Even as I said it, I realized this really is a great summary of what I do. I run a website, I talk to families and agencies, churches and humanitarian groups all day. I answer emails, update social media, trouble shoot and connect people. I brainstorm new advocacy ideas, and reach out to those who have already adopted, asking them to join me in encouraging others by sharing their stories. Encouragement and support are something we all need as we travel this road in life.
One question that I received recently concerned a past DUI/DWI (Driving Under the Influence). The family had a history where one parent had received a DUI over a decade in the past. They went through nearly the entire adoption process only to have their Dossier denied by the country to which they had applied. The family was devastated, withdrew from the adoption process and mourned the loss of a child they had dreamed of adopting. Many months later, this family reached out to me and asked (with very little confidence) if there were any chance at all that they could adopt a child from somewhere.
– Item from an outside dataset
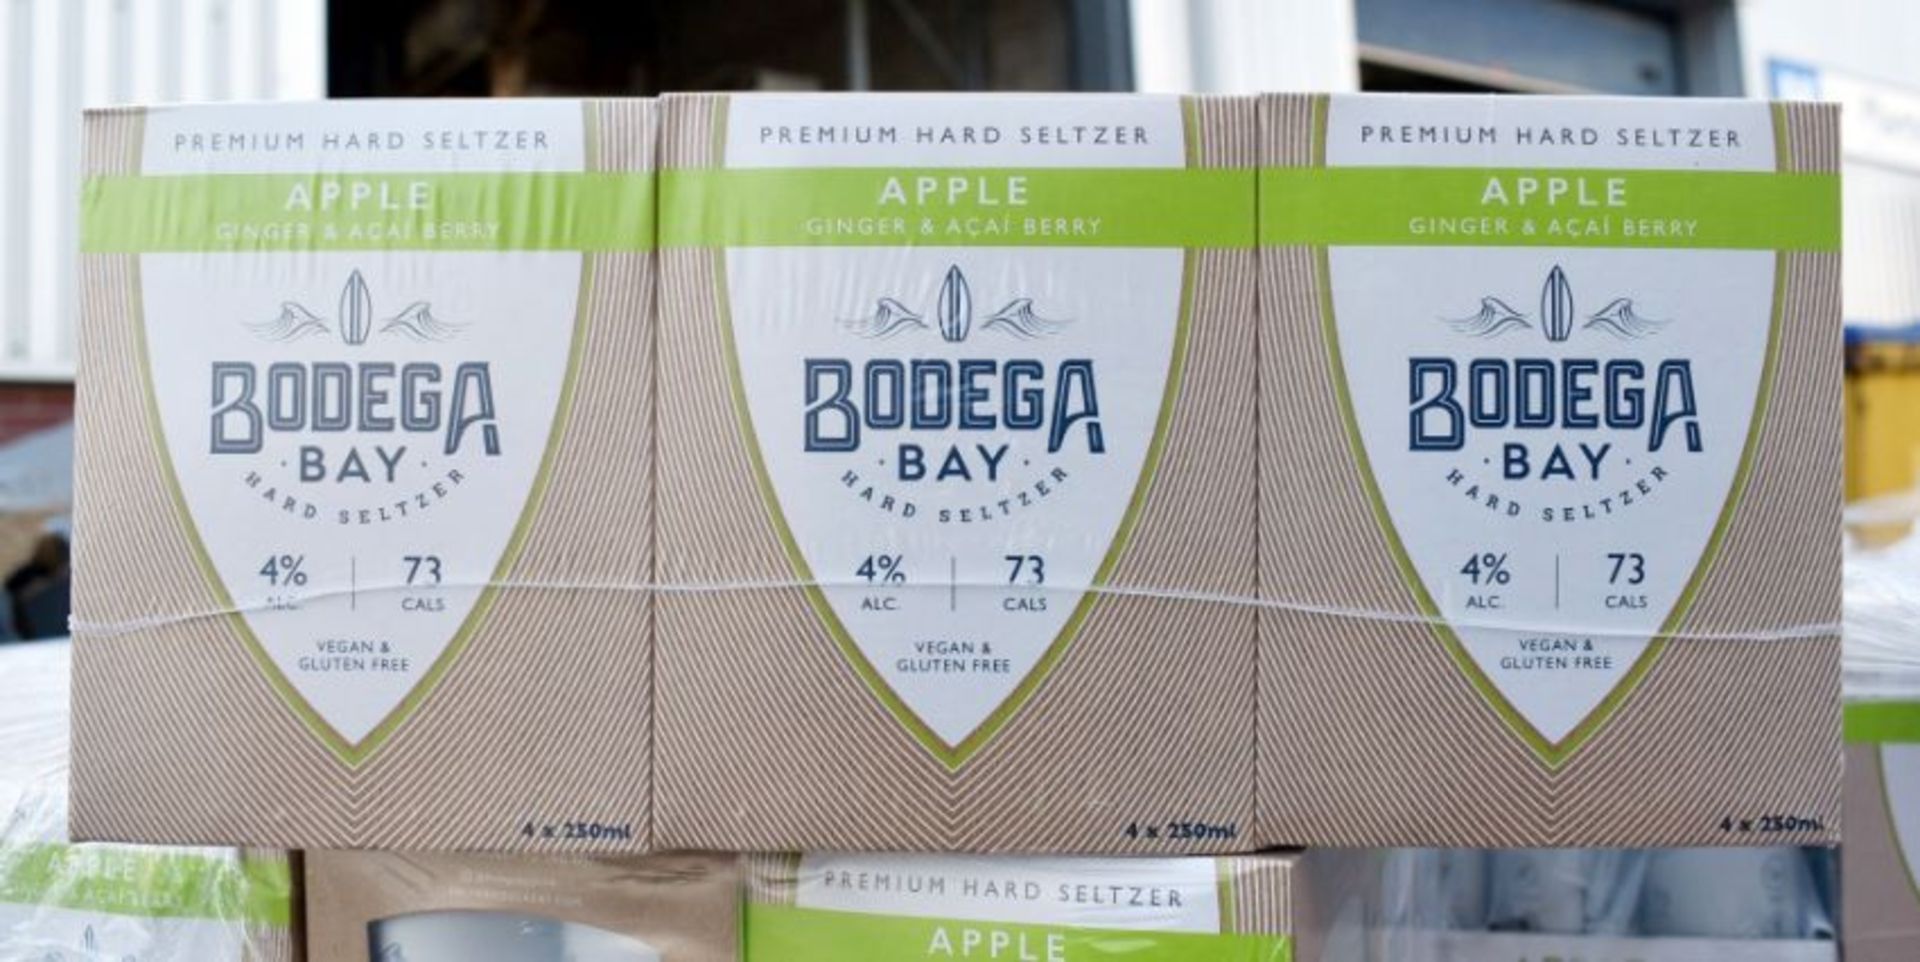 24 x Bodega Bay Hard Seltzer 250ml Alcoholic Sparkling Water Drinks - Apple Ginger & Acai Berry - Image 2 of 9

The answer was a surprise: Yes.
It's the answer that I give for nearly 95% of questions asked about adoption: Yes, you can adopt.
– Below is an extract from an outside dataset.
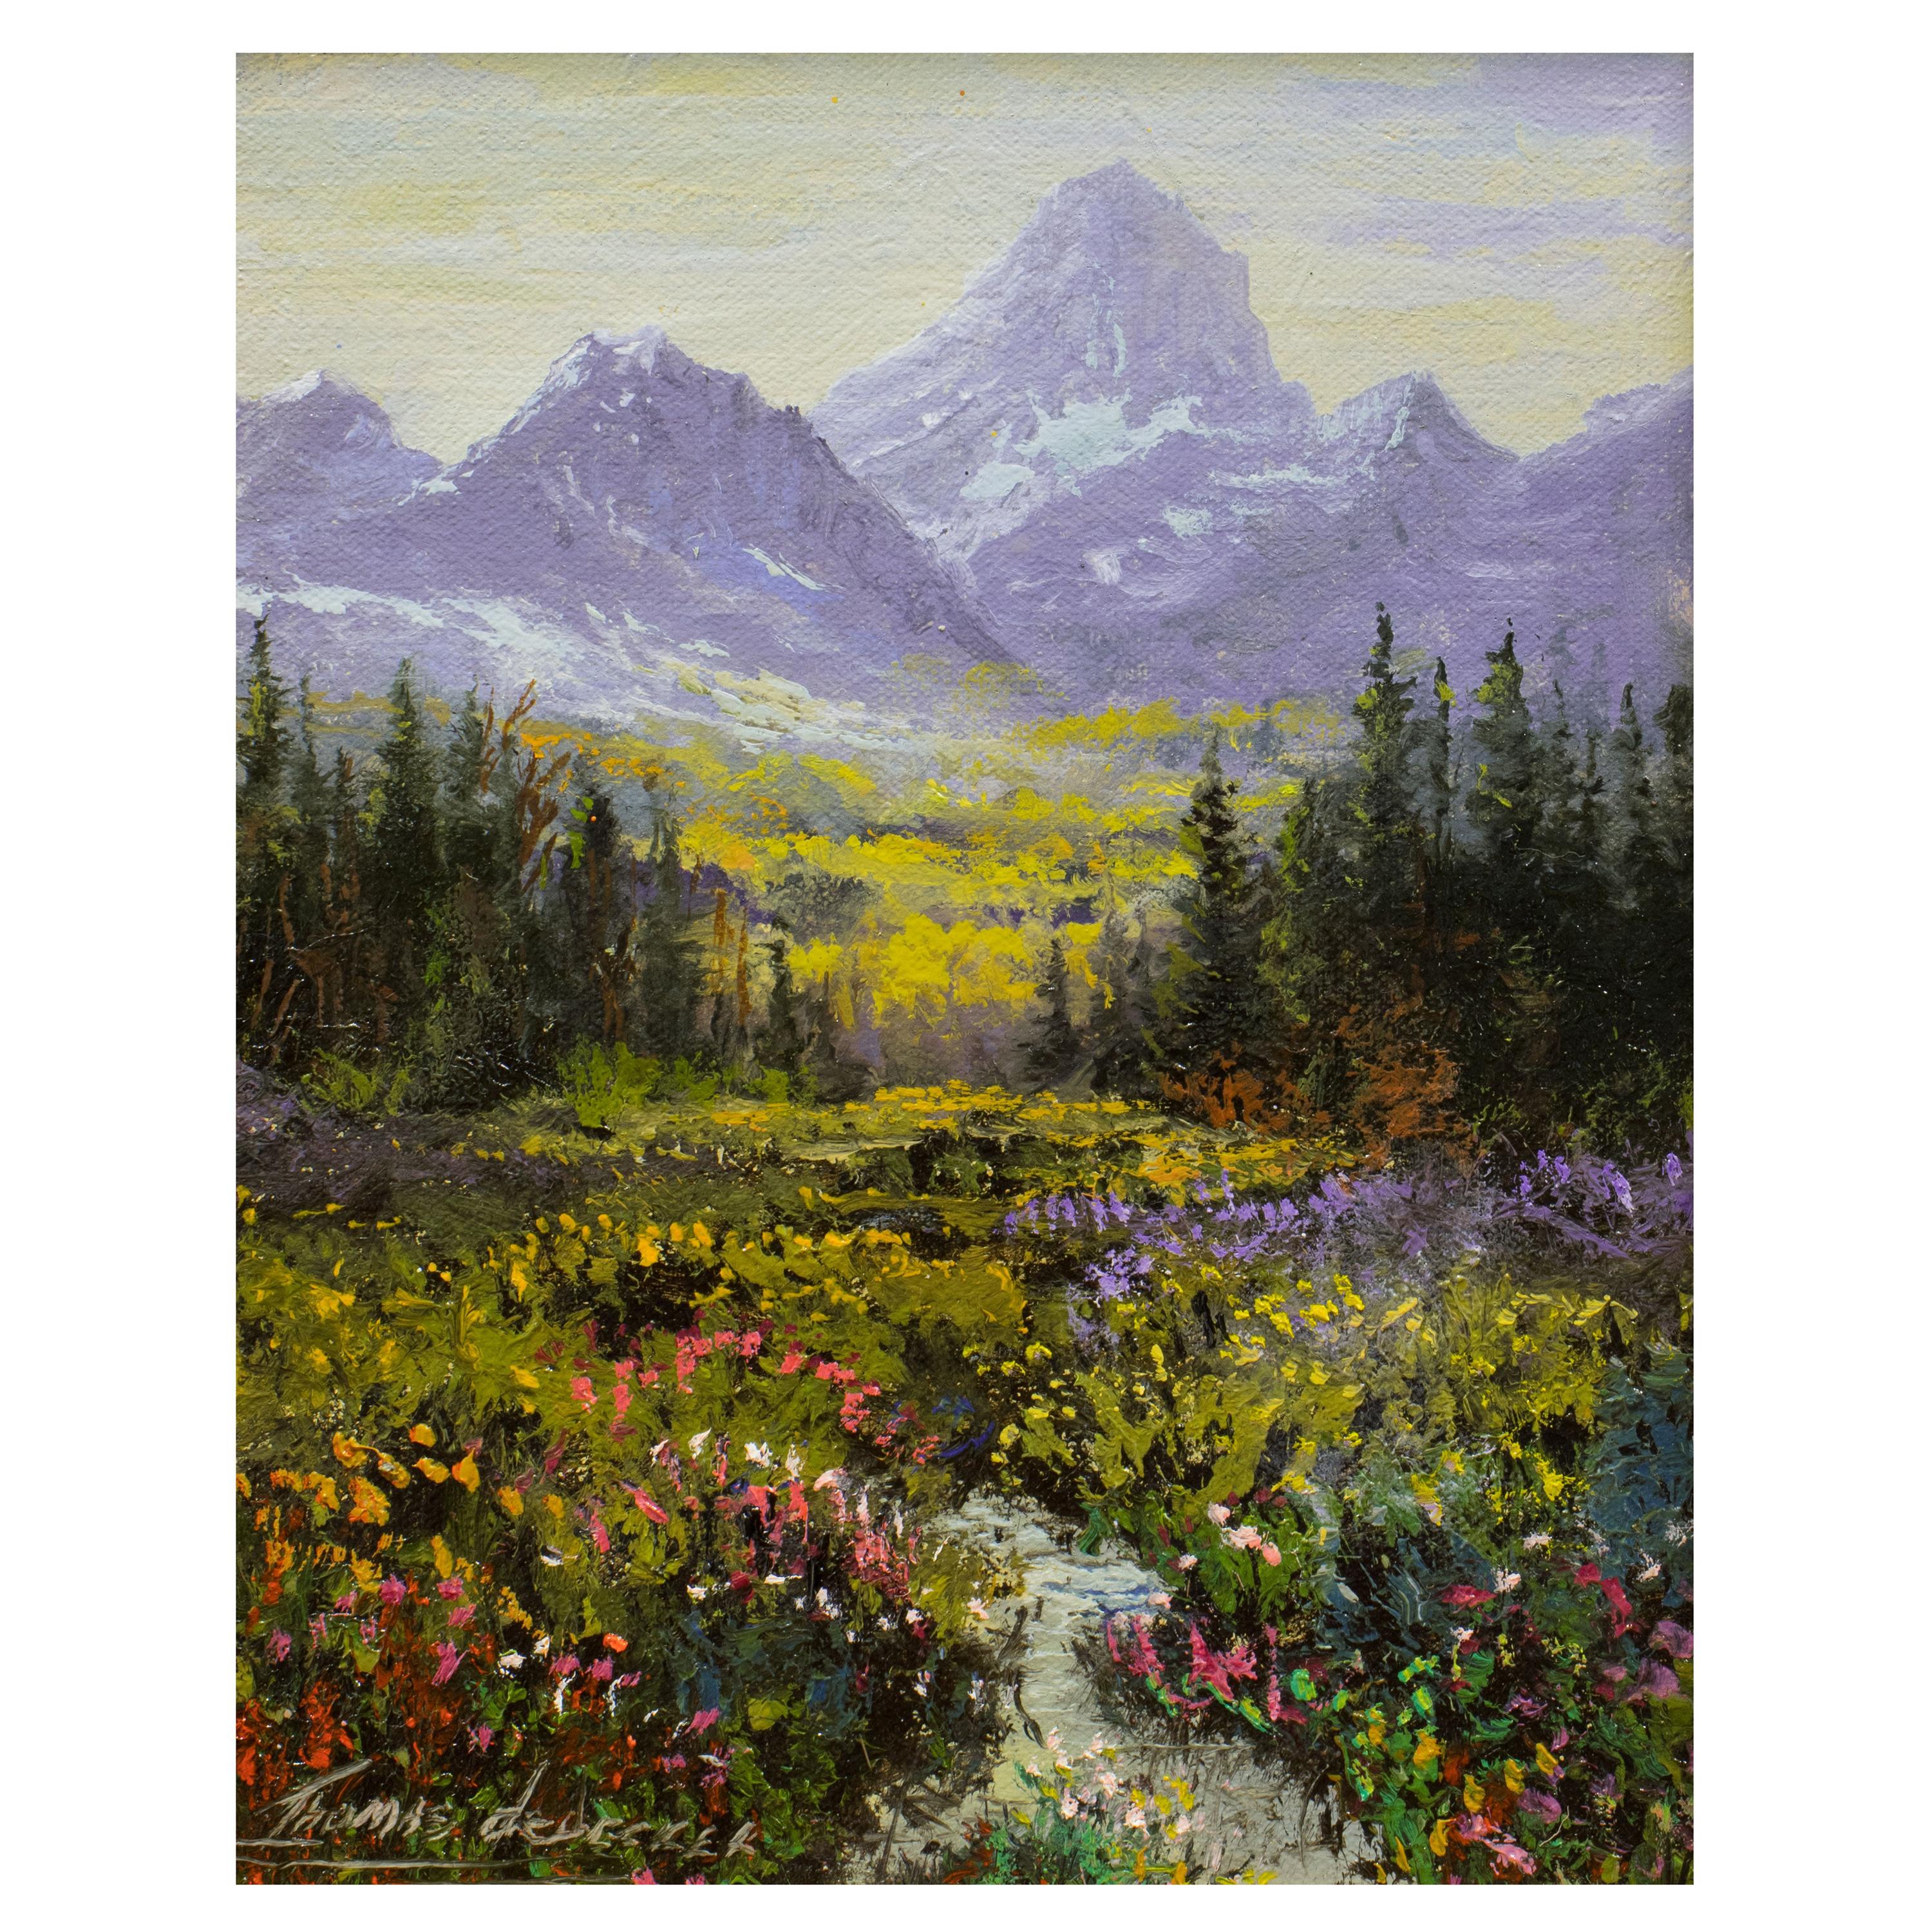 Original Painting "Spring Valley" by Thomas deDecker

In this case, I informed that family that there are a few countries that will not accept a couple with a DUI, but there are others that will look at the whole picture, scrutinize the homestudy, weigh and measure all factors, and approve a family if it appears that they have taken the steps necessary to overcome past difficulties.
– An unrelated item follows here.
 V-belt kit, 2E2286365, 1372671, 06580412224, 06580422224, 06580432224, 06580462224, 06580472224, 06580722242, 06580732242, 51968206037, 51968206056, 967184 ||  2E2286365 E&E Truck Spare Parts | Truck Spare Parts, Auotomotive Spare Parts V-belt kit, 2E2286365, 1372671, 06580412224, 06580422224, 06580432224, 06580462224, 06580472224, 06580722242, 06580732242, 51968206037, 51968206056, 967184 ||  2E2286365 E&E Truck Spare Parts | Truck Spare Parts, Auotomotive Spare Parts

This is most true when a family is willing to meet a country half way. By that I mean that just like there are many families with a history of difficulties that they have been able to overcome, there are also children who come from hard places. Perhaps they are over the age of 4 or 6 years old. Perhaps they are part of a sibling group. Maybe they just need a family that understands that the past doesn’t need to dictate the future. That a 2nd chance is possible. It's time for families to realize that these kids are worth taking a chance on.
"Yes" comes to families who are willing to stretch and can see that there are children who also need a 2nd chance and new beginning.
Right this moment I am trying to place a little boy who appears to have a mild form of hemophilia. He's a LITTLE boy, only 7 years old. He has so much life to live, and his new family is going to experience a full childhood with this little guy. Although he is only the age of a first or second grader, by most family's stands, he's just "too old".
I would never ask a family to take on more than they can handle, but I will always encourage families to stretch. There are only so many 3 or 4 year olds out there and paper-ready to be adopted. There are far, far too many 7, 8, and 9 year olds who have been waiting for their entire lives for someone to see just how wonderful that they are.
Stretch. It's good for the body, the mind, and the soul. And it's good for your life (and the life of a waiting child).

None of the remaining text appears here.